Tidy Tunes is an easy-to-use pipeline for mining high-quality audio data for speech generation models. To do so, it chains multiple open source models while minimizing dependencies.
Specifically, the pipeline includes (see also https://www.arxiv.org/pdf/2409.03283):
- voice source segmentation
- segmentation based on voice activity detection
- speaker segmentation
- rolloff frequency filtering
- filtering based on PESQ of denoised audio
- DNSMOS filtering
- spoken language identification filtering
- accent / dialect classification
- background music detection
- dual ASR verification
- single-model ASR transcription
Each filtering component can run in filtering mode (keep/drop segments based on a threshold) or annotation mode (attach computed metadata to segments and save it alongside the audio). Both modes can be combined in a single pipeline step.
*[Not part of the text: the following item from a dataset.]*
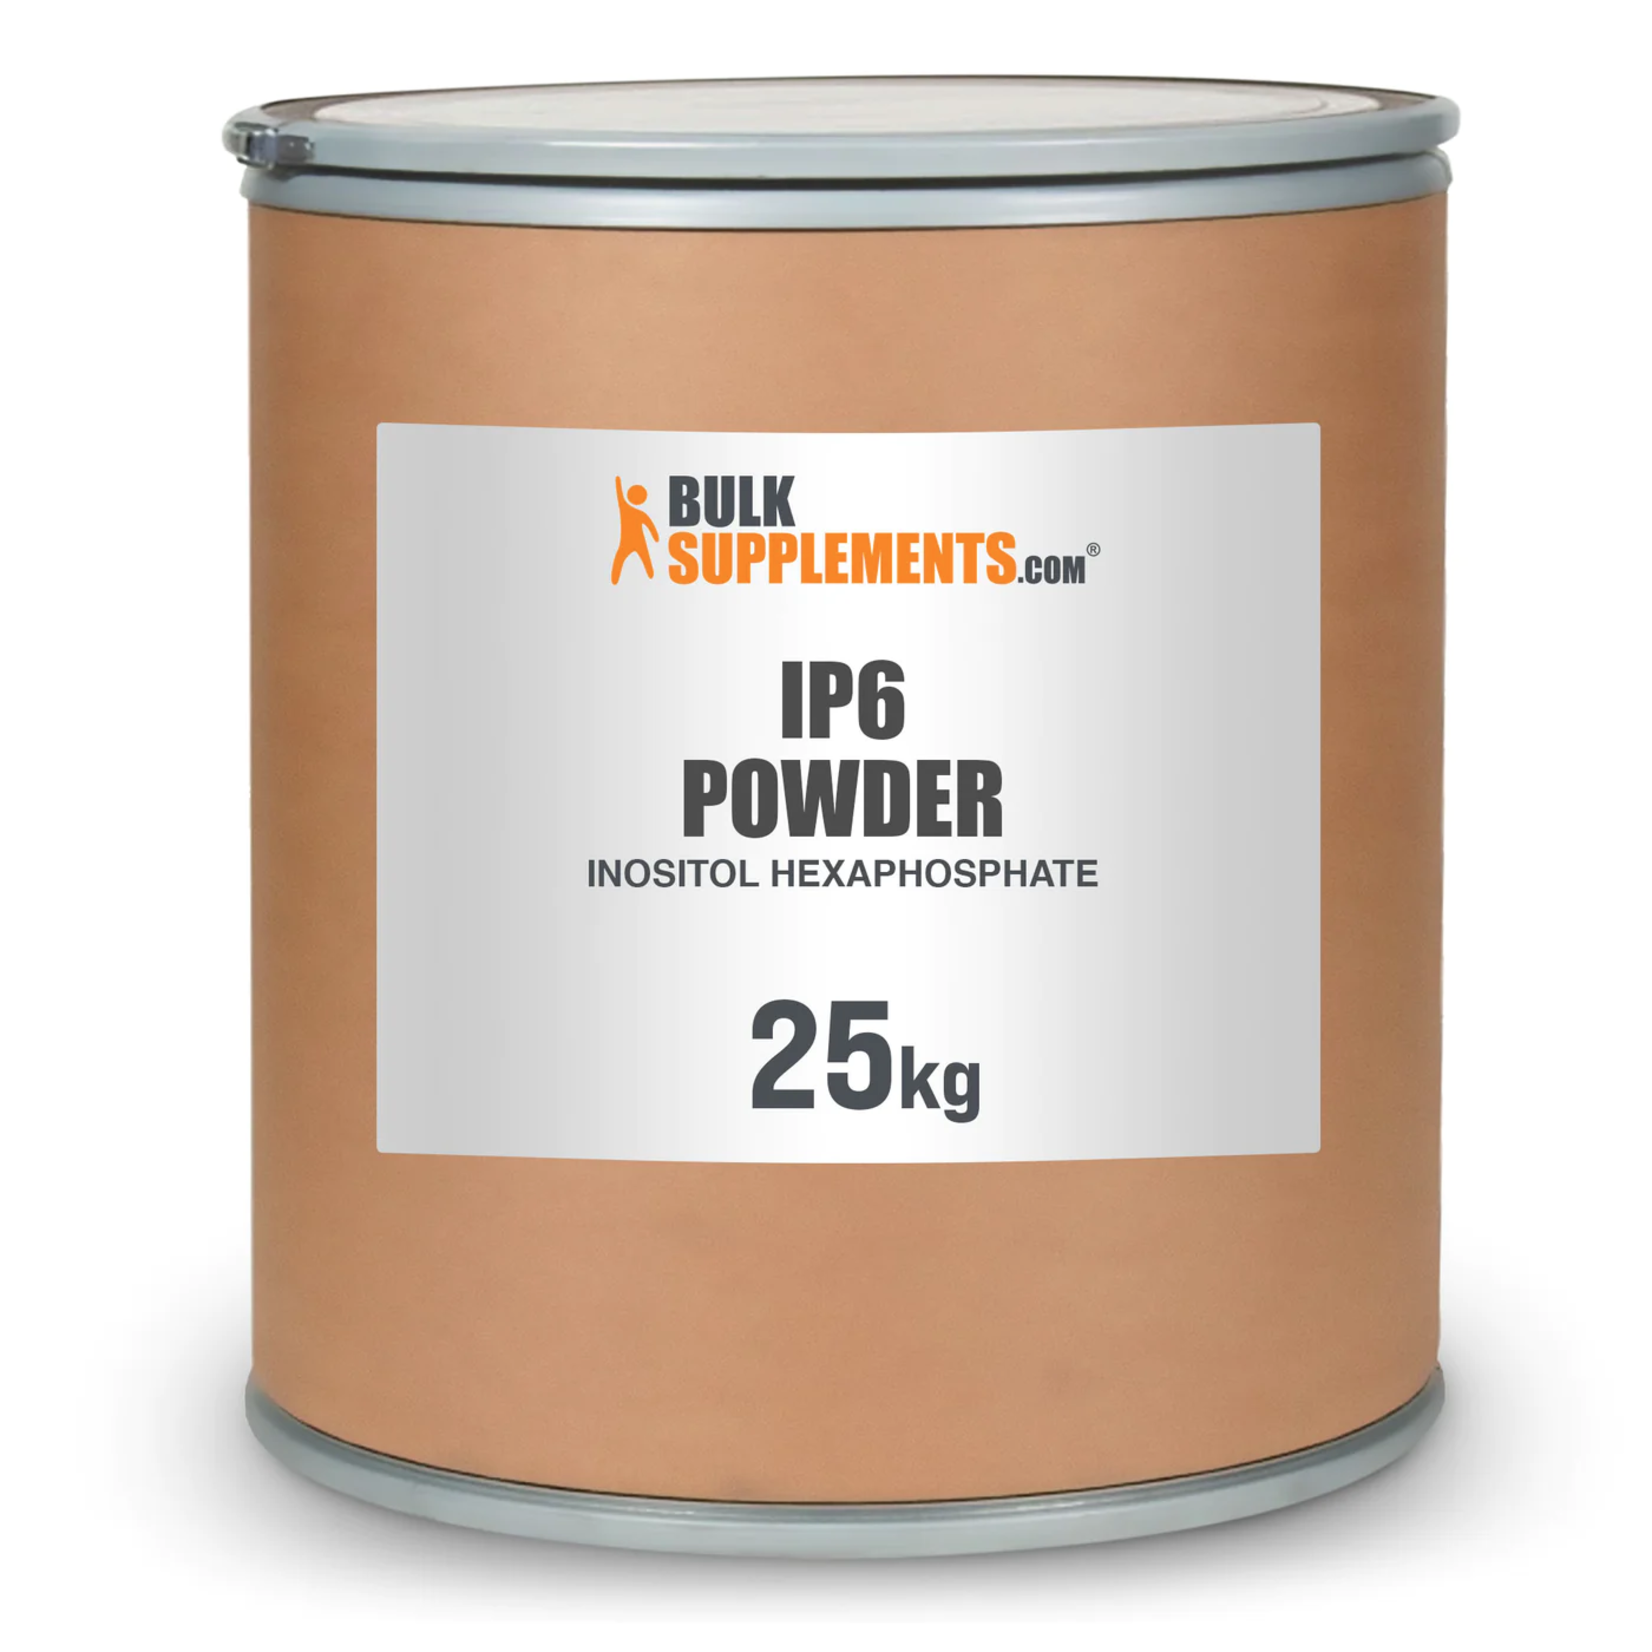 Inositol Powder - 4.5oz (Bulk Supplements) - Natures Medicinary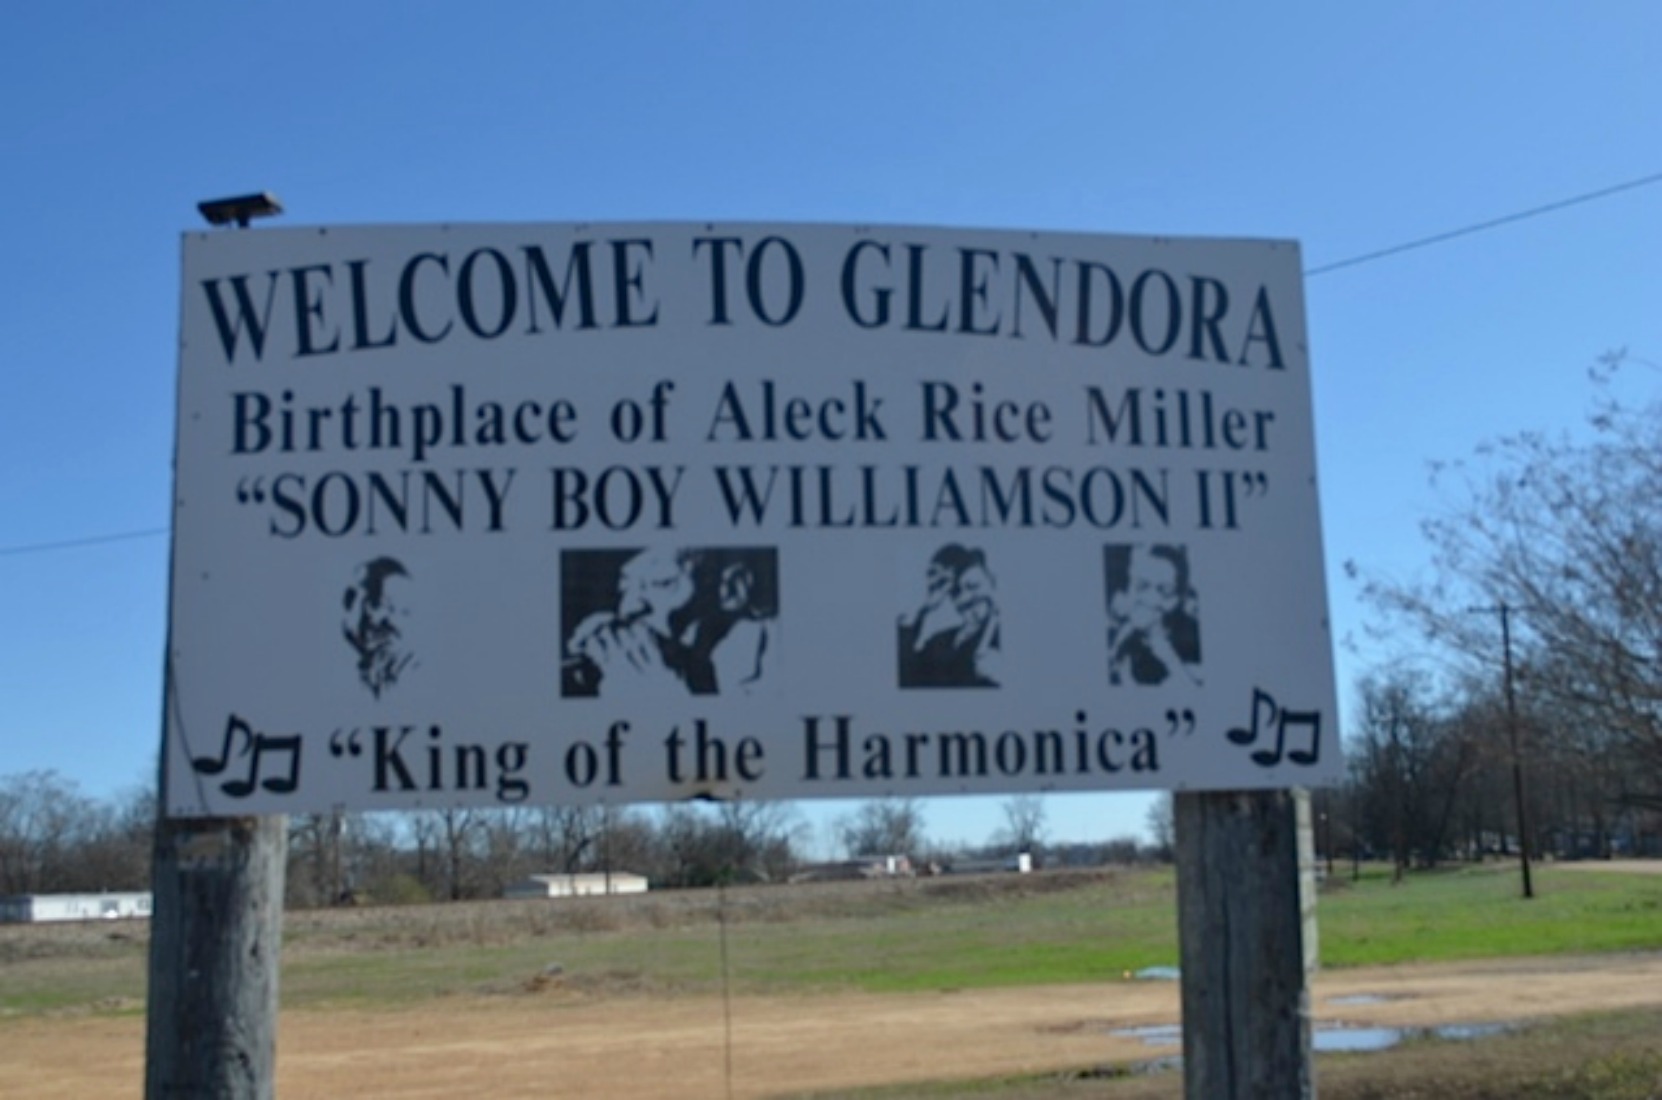 Sonny Boy Williamson Birthplace sign, Glendora, Mississippi (courtesy of Keith Petersen)

It provides two commands, one for downloading audios from sources like YouTube, and one for processing the downloaded audio efficiently.
You can install Tidy Tunes directly from the GitHub repository using pip:
pip install git+https://github.com/meaningTeam/tidy-tunes.gitIf you wish, clone the repository or install additional dependencies:
git clone git@github.com:meaningTeam/tidy-tunes.git && cd tidy-tunes
pip install -e .[dev]The CLI offers two commands, one for downloading audio from videos from the internet (YouTube), the other one for processing audio files with a stack of data-cleaning models.
To download the audios, use:
tidytunes download-youtube [OPTIONS] [VIDEO_IDS]...
Options:
-d, --download_dir PATH Ouput directory
-k, --proxy-api-key TEXT API key for the proxy server. [required]
-e, --proxy-endpoint TEXT Proxy endpoint address.
-w, --max-workers INTEGER Number of parallel download threads.
-l, --subtitle-language TEXT Language code for substitle language.
You can place your secret proxy API_KEY into ~/.tidytunes and it will be auto-discovered by the script, for example:
API_KEY=Wk1yM8sY9M4S7rT3g5Xq2L6bV0NfJHp
To process the downloaded audios, use:
tidytunes process-audios [OPTIONS] [AUDIO_PATHS]...
Options:
-c, --config PATH Path to the YAML config file defining pipeline components and parameters. [required]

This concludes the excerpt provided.